The health care industry seems to draw more than its fair share of class action lawsuits.  In another example of this trend, home-health workers have filed a FLSA class action in federal court, alleging that their employer misclassified them as exempt and thus improperly denied them overtime.  The case is entitled Cook v. Amedisys, Inc. filed in federal court in the District of Connecticut.

The theory of the suit is that the employer did not pay for actual hours worked but had implemented a point system for determining compensation.  Counsel for the plaintiffs stated that the Company’s “compensation scheme encourages employees to take on more patient visits and work longer hours, while Amedisys reaps the benefits by reducing their labor costs and boosting their profit margins.”  As the Company has more than four hundred locations and more than 16,000 employees (in 38 states), the potential expansiveness of this lawsuit is staggering.

The classifications of workers involved are home-health registered nurses, physical therapists, occupational therapists and speech language pathologists.  These employees are paid on a per-visit rate, with each visit worth between 1-2 points; there are “estimated” hours built into the system, based on an assessment of how long each type of visit should take.  Travel time is not paid for, nor is the time that must be taken to prepare necessary paperwork or to drop off the collected samples.  On the travel time issue, the complaint alleges that even travel during the day (which is clearly compensable under FLSA regulations) is unpaid.

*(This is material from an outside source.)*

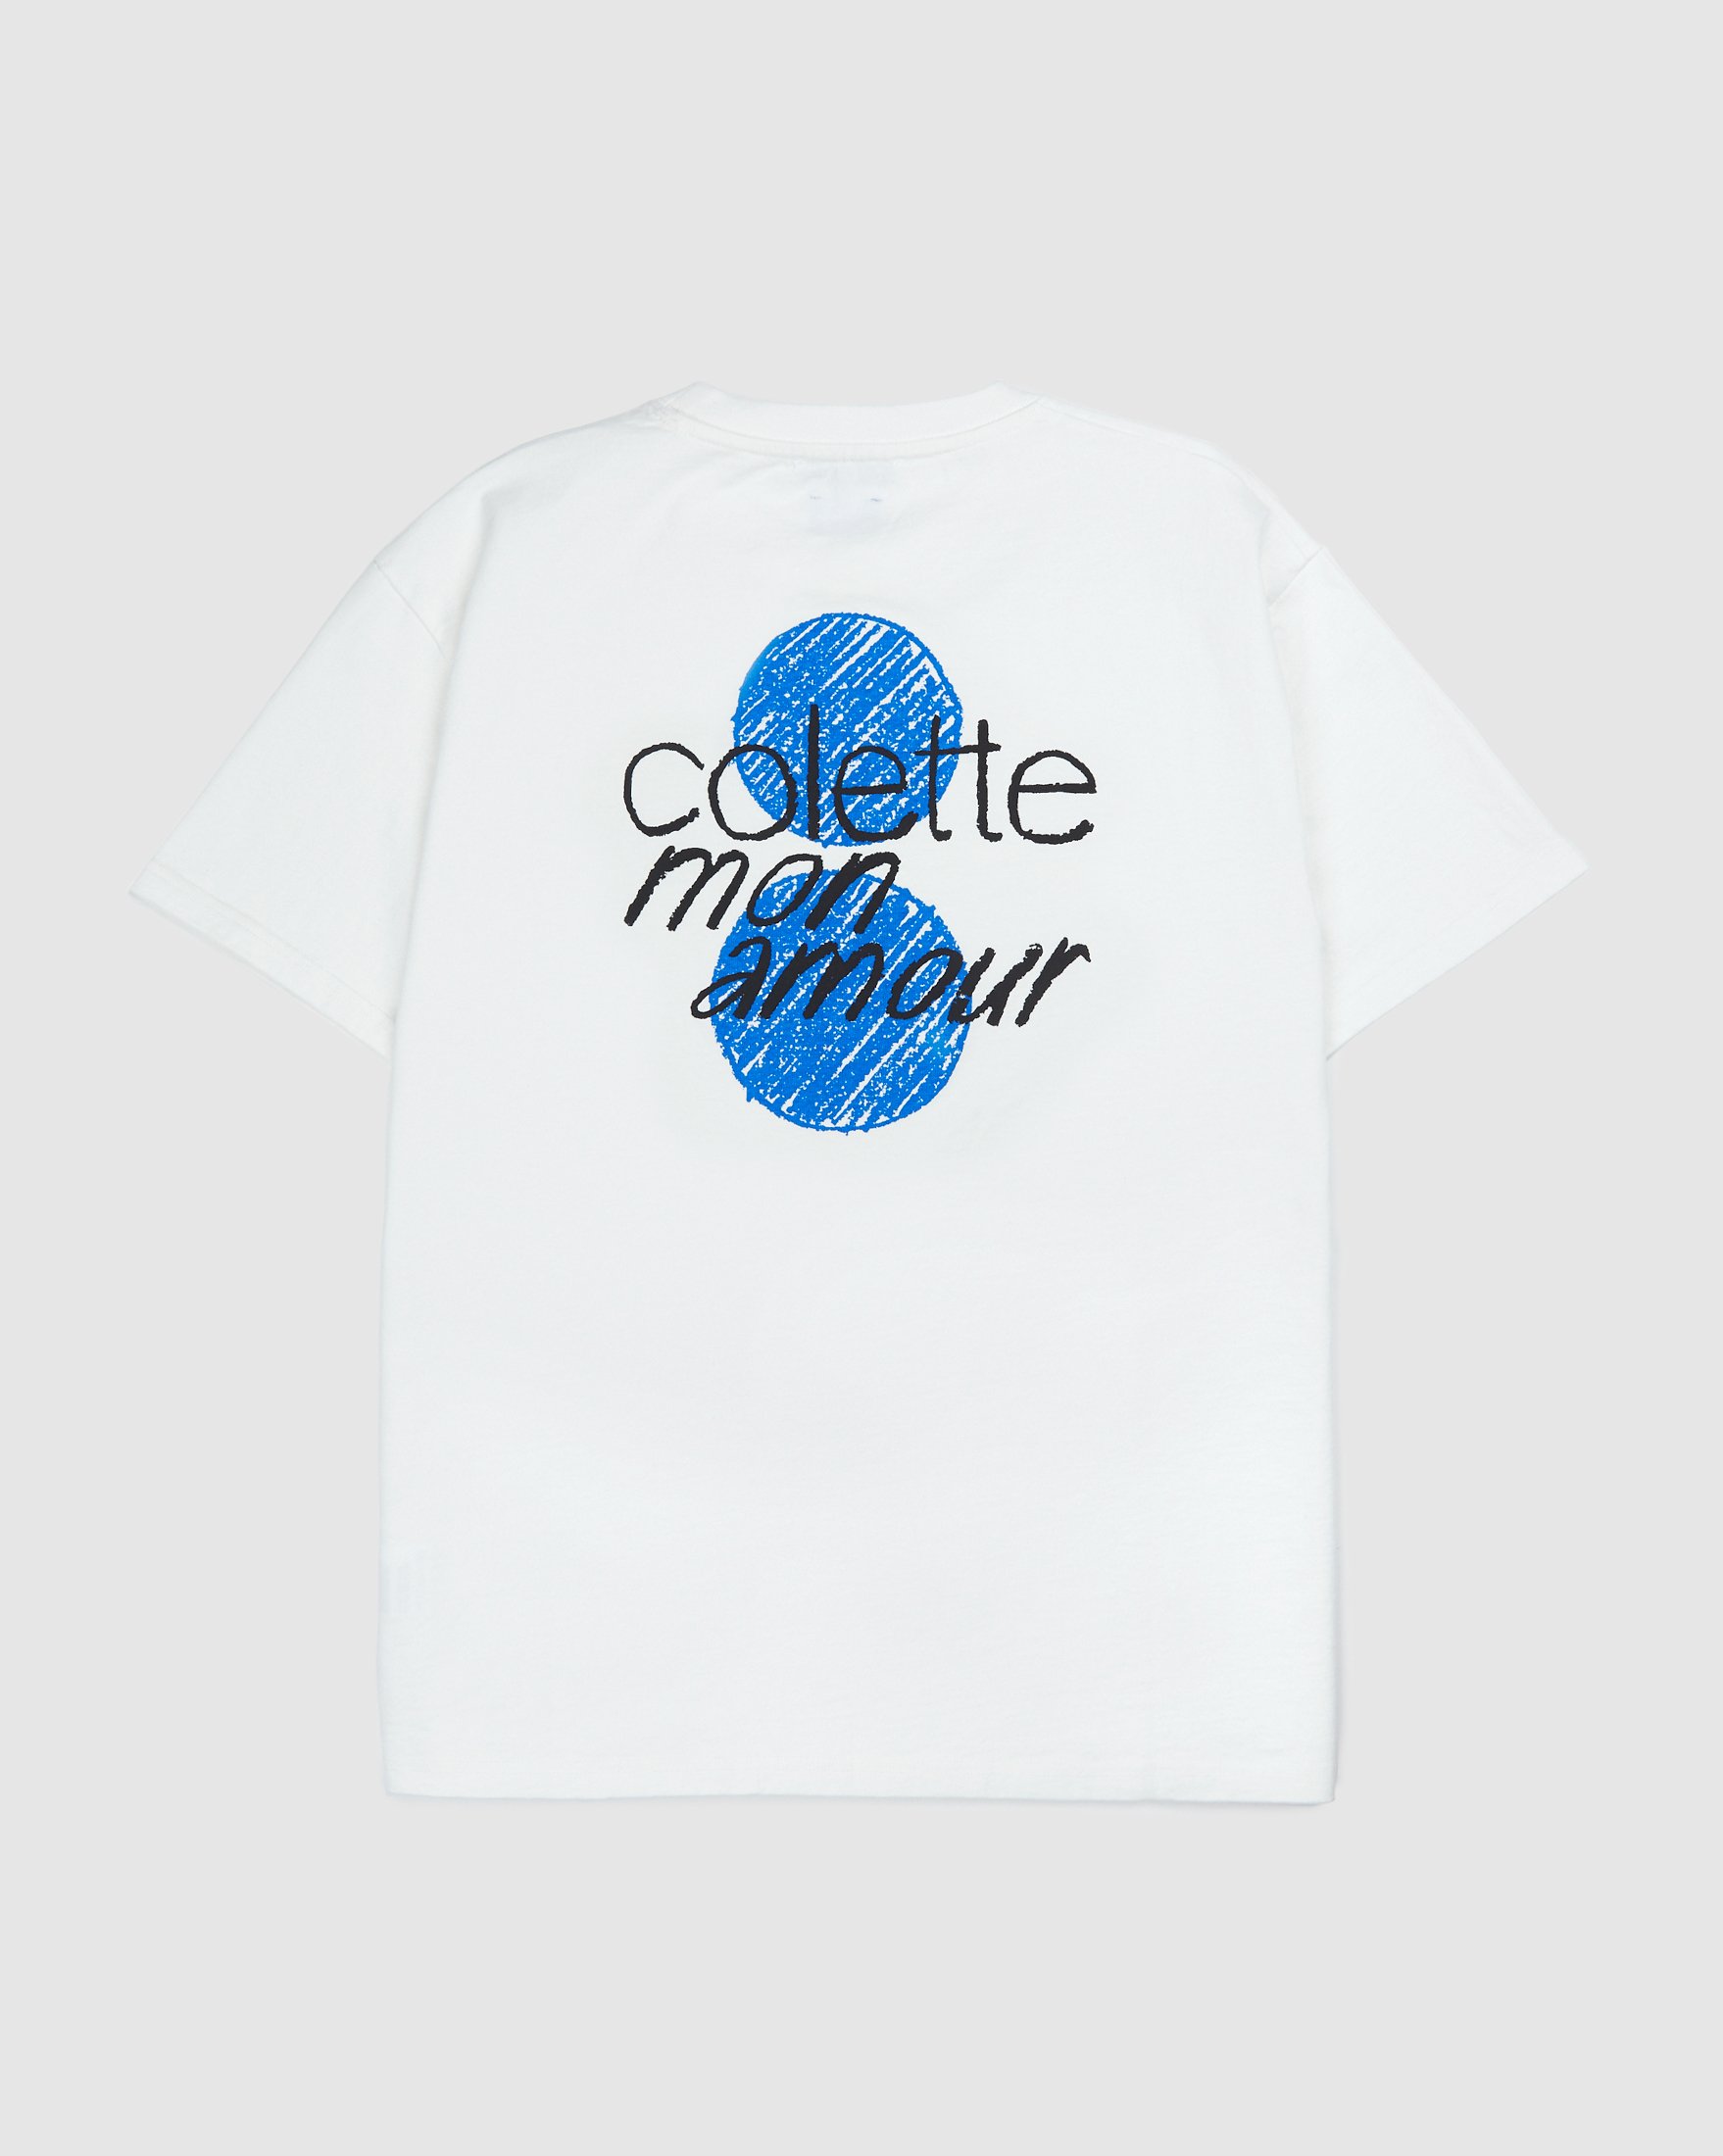 Colette Mon Amour - HS Dots T-Shirt White - Clothing - White - Image 1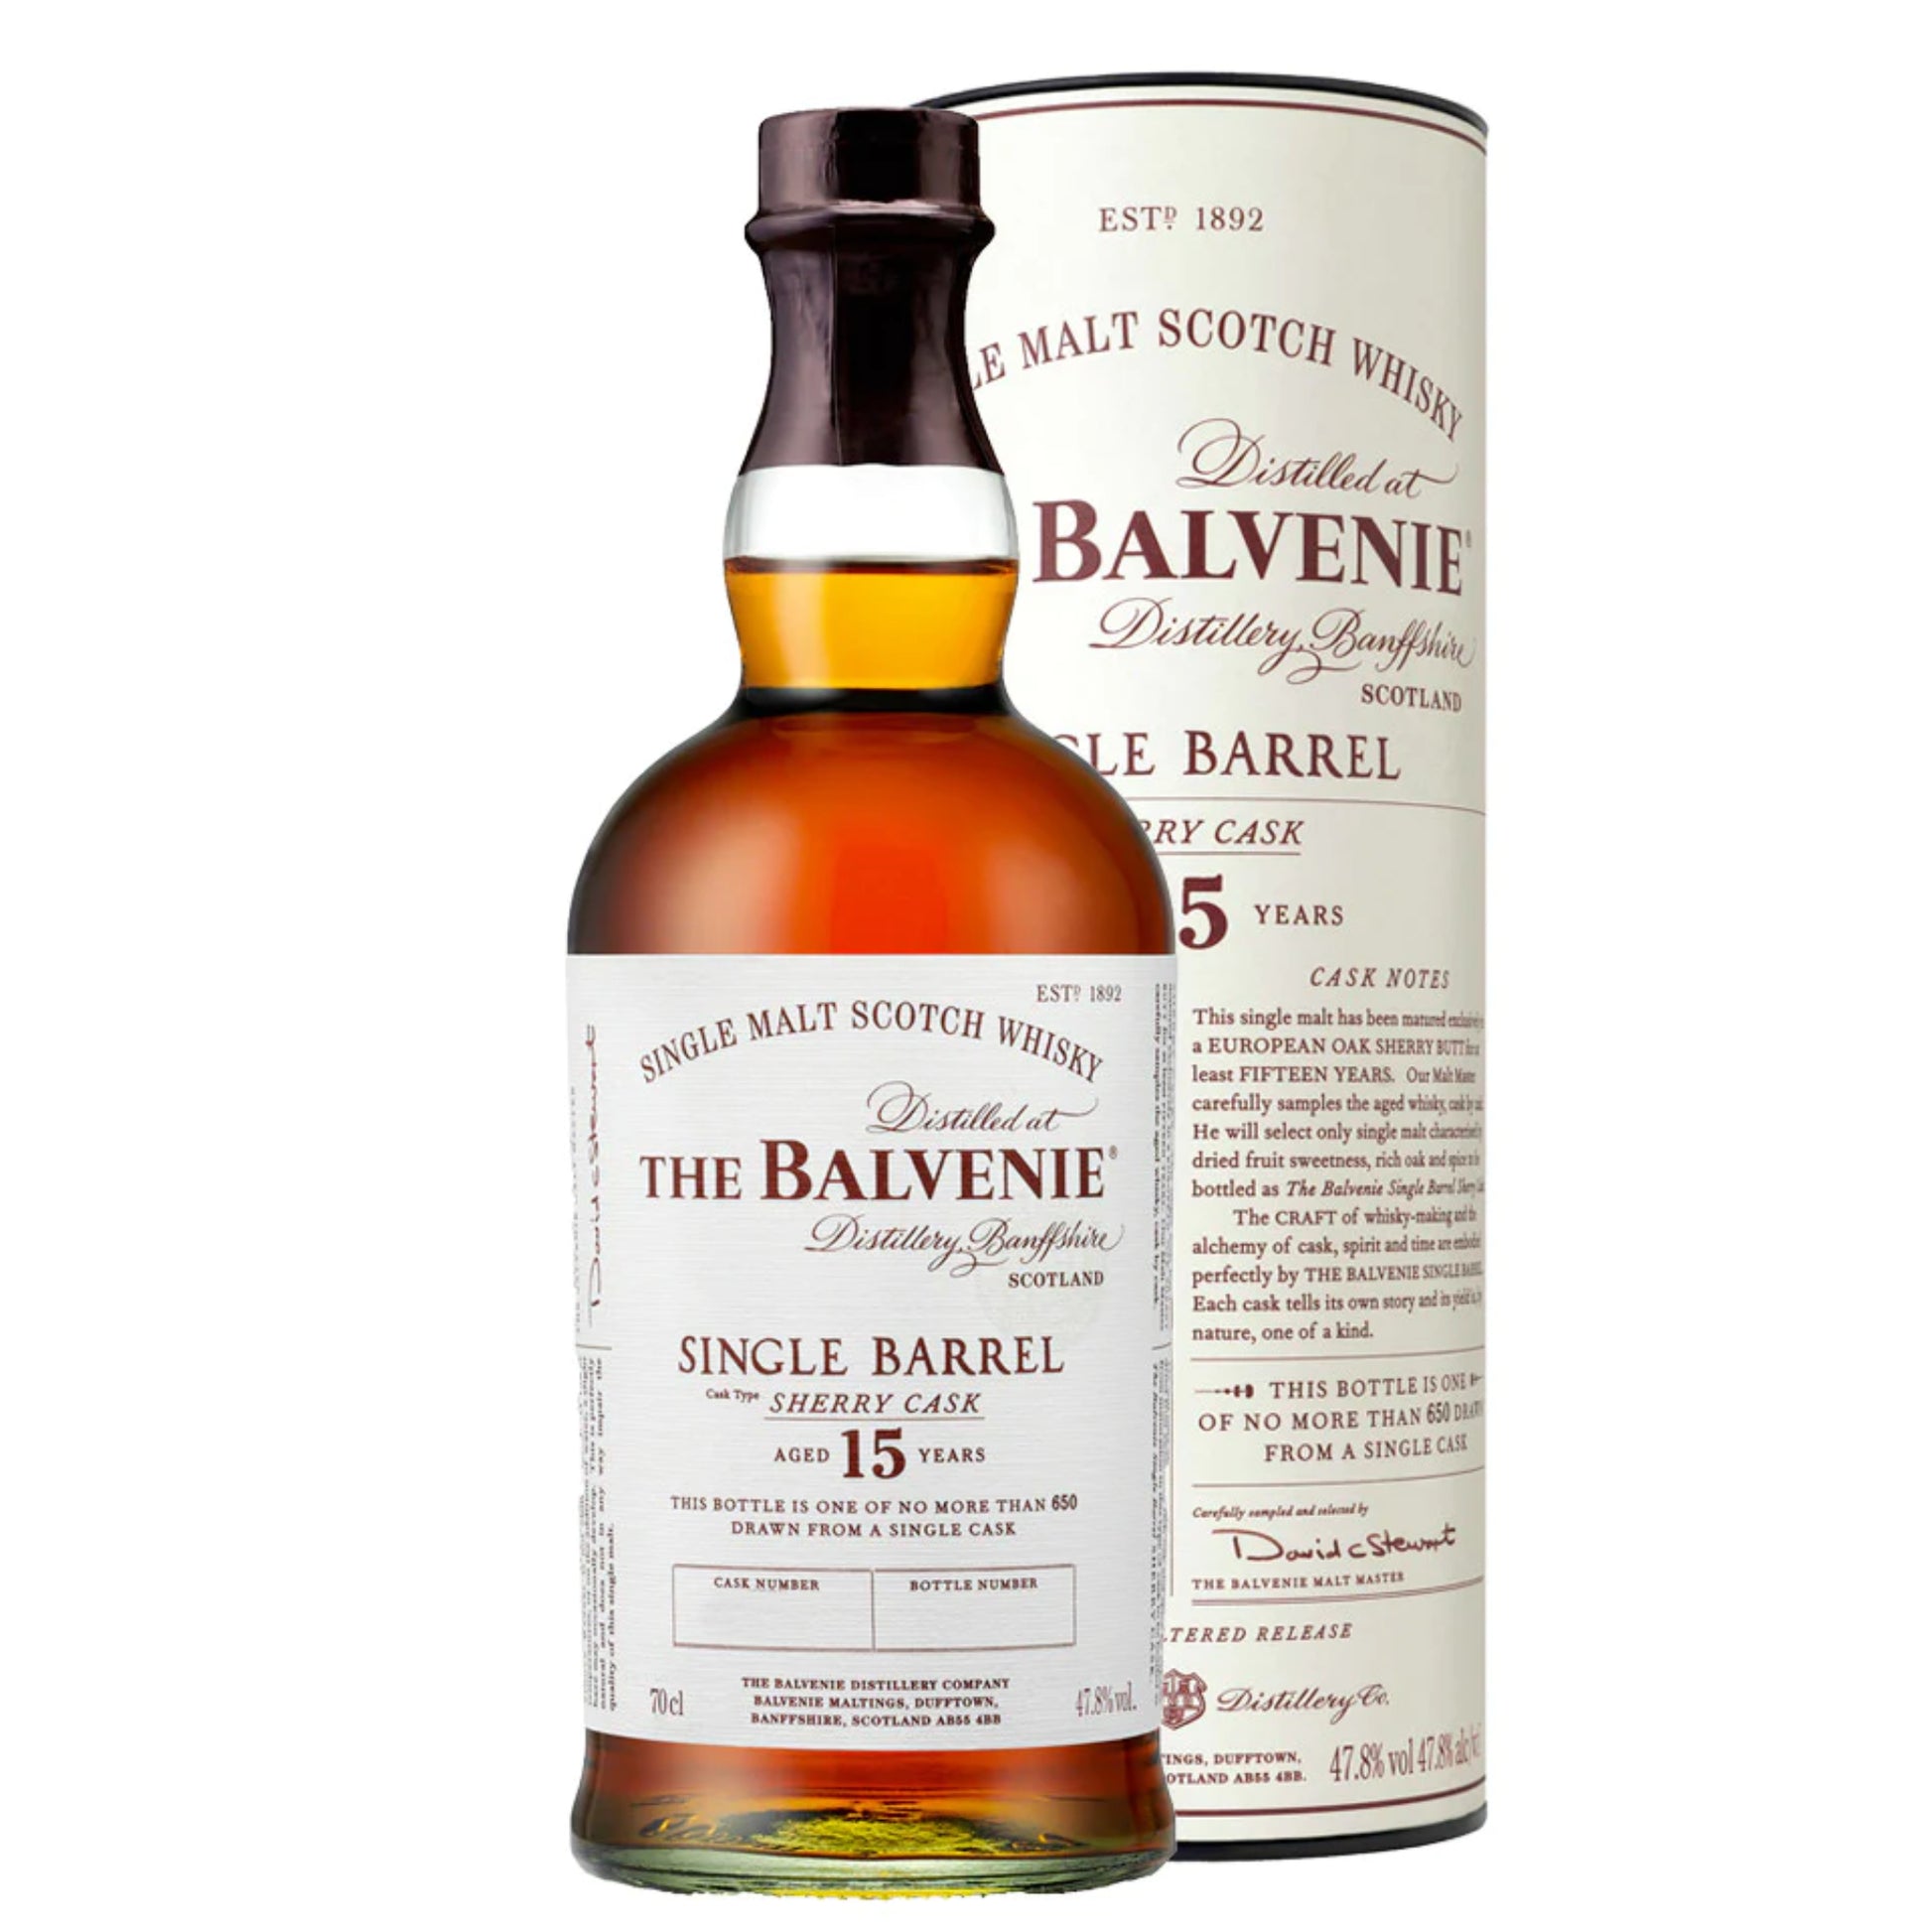 The Balvenie 15 Year Old Sherry Cask Scotch Whisky - Liquor Geeks

This suit could be a real problem for the employer.  I do not believe that the exemption defense (i.e. professional) is available, as technician and technologist types of employees (with few, if any, exceptions) are non-exempt, notwithstanding that they may be highly skilled and have studied in specialized programs.

Even if the exemption argument is available, on the duties prong, the Company then has to establish that these workers are paid on a “fee basis,” which is an alternative to payment on a salary basis, which the exemption tests otherwise mandate.